A 14000 N automobile travels at a speed of 50 km/h northward along a street, and a 7500 N sports car travels at a speed of 62 km/h eastward along an intersecting street.
(a) If neither driver brakes and the cars collide at the intersection and lock bumpers, what will the velocity of the cars be immediately after the collision?
magnitude:
direction ° (counterclockwise from due east)
(b) What percentage of the initial kinetic energy will be lost in the collision?
%
To answer this question, we need to apply the principle of conservation of momentum and conservation of kinetic energy in a collision.

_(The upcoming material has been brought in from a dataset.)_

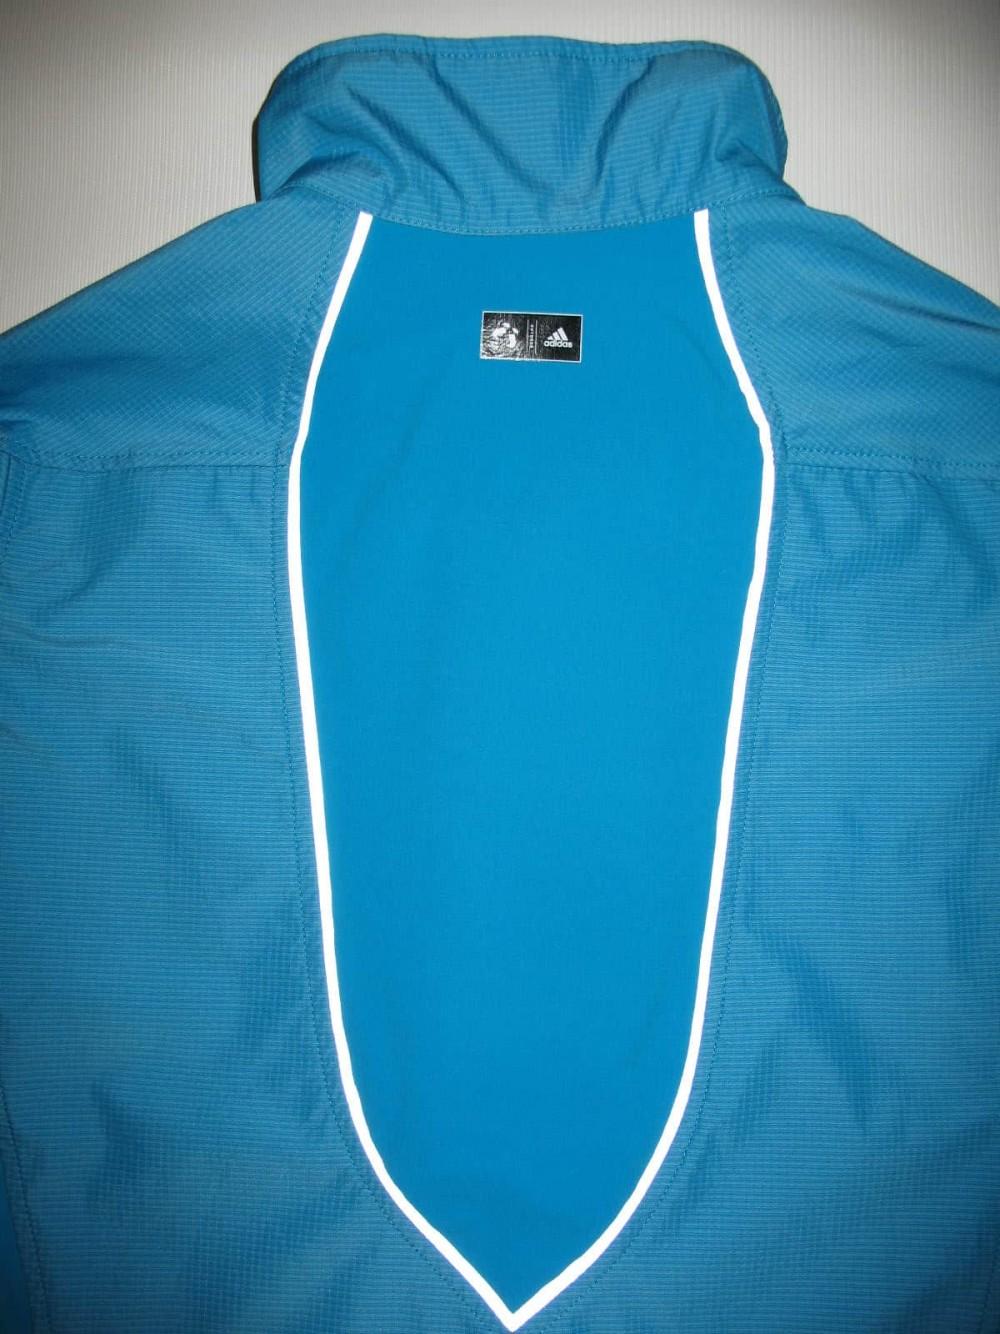 Куртка ADIDAS terrex hybrid windstopper jacket lady (размер 12-L/M) - 8

(a) To calculate the final velocity of the cars after the collision, we need to find the resulting velocity vector, which includes both magnitude and direction.
First, let's convert the velocities of the cars to vector form. The northward velocity of the automobile can be represented as (0, 50) km/h, and the eastward velocity of the sports car can be represented as (62, 0) km/h.
Now, we can calculate the total momentum of both cars before the collision. The momentum is calculated by multiplying the mass of an object by its velocity.
The mass of the automobile (m1) is 14000 N, and since we are assuming a constant mass, we can ignore it for now.
The mass of the sports car (m2) is 7500 N.
Momentum of automobile (p1) = m1 * v1 = 14000 N * (0, 50) km/h = (0, 700000) kg.m/h
Momentum of sports car (p2) = m2 * v2 = 7500 N * (62, 0) km/h = (465000, 0) kg.m/h
Now, let's add the momentum vectors of both cars to find the total momentum before the collision.
Total momentum before collision (P) = p1 + p2 = (0, 700000) + (465000, 0) = (465000, 700000) kg.m/h
Since we have the total momentum before the collision, we can calculate the total mass (m_total) as the sum of the individual masses of both cars.
m_total = m1 + m2 = 14000 N + 7500 N = 21500 N
Finally, we can calculate the resulting velocity vector by dividing the total momentum by the total mass.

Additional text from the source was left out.